Pottery Throwing Is Having a Moment

With everyone from Seth Rogen to the Kardashians sidling up to the wheel, more and more Angelenos are giving ceramics a spin

Once seen as the province of retired ladies, bored married couples, and birthday kiddos at Color Me Mine, pottery is having a moment in the cultural spotlight not witnessed since the sexy turn by Demi Moore and Patrick Swayze in 1990’s Ghost.

Serena Williams and Emily Ratajkowski have posted photos of their turns at the wheel. The Kardashian sisters bonded at an outpost of local pottery chain Bitter Root on their reality show. British tabloids have reported that Brad Pitt and Leonardo DiCaprio bro out while throwing pots at Pitt’s home. In the past nine months, Seth Rogen has chronicled the evolution of his clay works on Instagram, from sweet (if slightly sloppy) ashtrays to an Etsy-worthy collection of vases.


Technology seems to be driving millennial and Gen Zers to pottery from both
directions. While social media posts by celebs and friends are encouraging newbies to spin the wheel, working with clay also provides a tactile break from staring at screens and scrolling through social media.

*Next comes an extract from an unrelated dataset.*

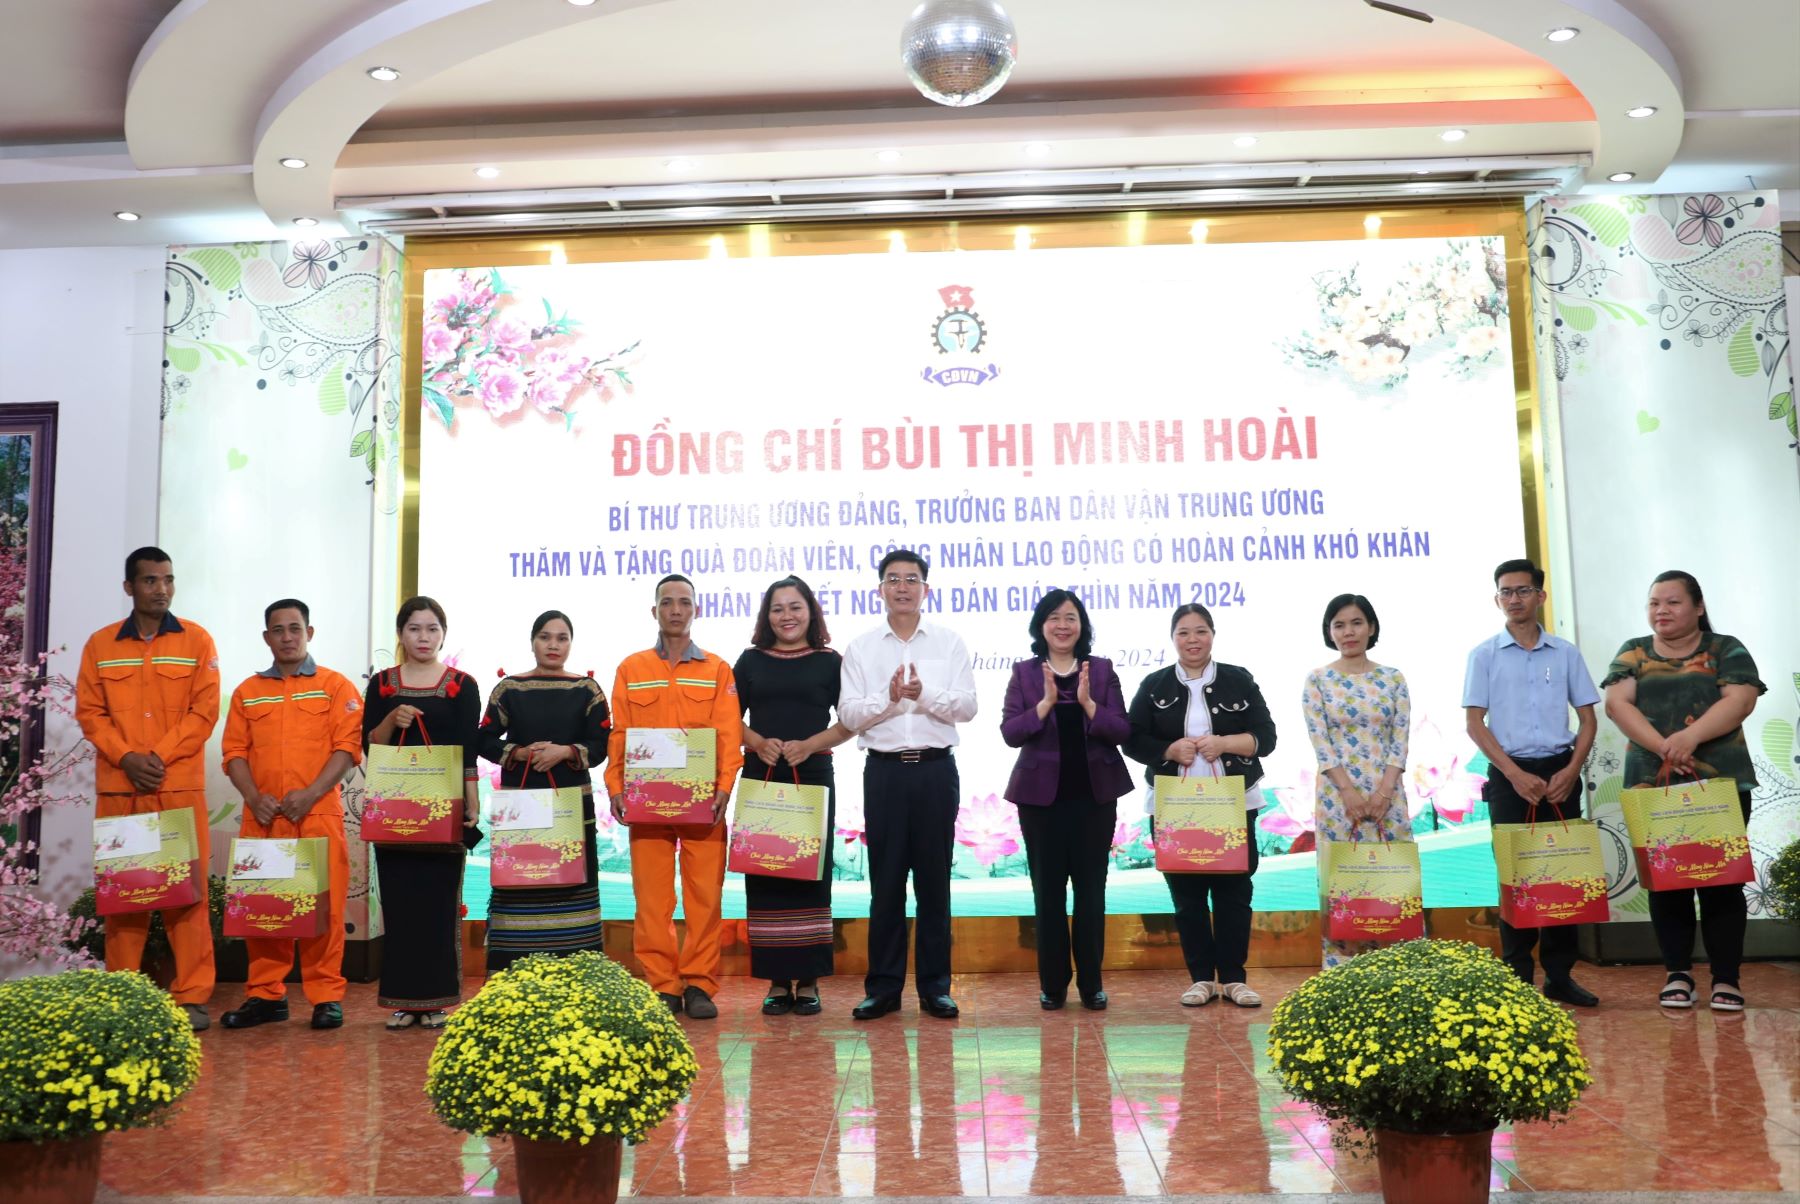 Bí thư Trung ương Đảng, Trưởng Ban Dân vận Trung ương Bùi Thị Minh Hoài thăm và tặng quà Tết cho đoàn viên, người lao động

“Your hands are literally in mud,” says Mel Keedle, the co-owner of Still Life Ceramics, of the craft’s draw. “You can’t touch your phone for hours.”

Still Life, which opened in ROW DTLA in 2018 and expanded to Santa Monica in December, is one of a number of new studios and shops looking to feed Angelenos’ growing hunger for pottery. Claytivity joined the fray in Silver Lake last August, attracting a crowd of cool retirees and Eastside hipsters. POT (#notadispensary), a pottery studio owned and operated by people of color, opened in 2017 to serve as an alternative to the city’s more staid studios. Bitter Root, one of the godparents of L.A.’s pottery scene, expanded from Beverly Grove to a studio in Topanga Canyon in 2015 and added a third location in
Valencia in 2018.

As Rogen can attest, there’s a learning curve when it comes to throwing—and successfully firing—a good vase. Beginners can expect to put in many hours before producing a serviceable result. But, Keedle says, that’s part of the fun. “There is no instant gratification,” she says. “There are things you can’t control. Things will break. That’s part of the process.”

Carl Cortes, 49, a creative director and student at Still Life, took his first class a little over a year ago with his then-girlfriend. He was soon hooked. “I did it for a girl,” he says with a laugh. “The girl is gone, but I kept the ceramics.”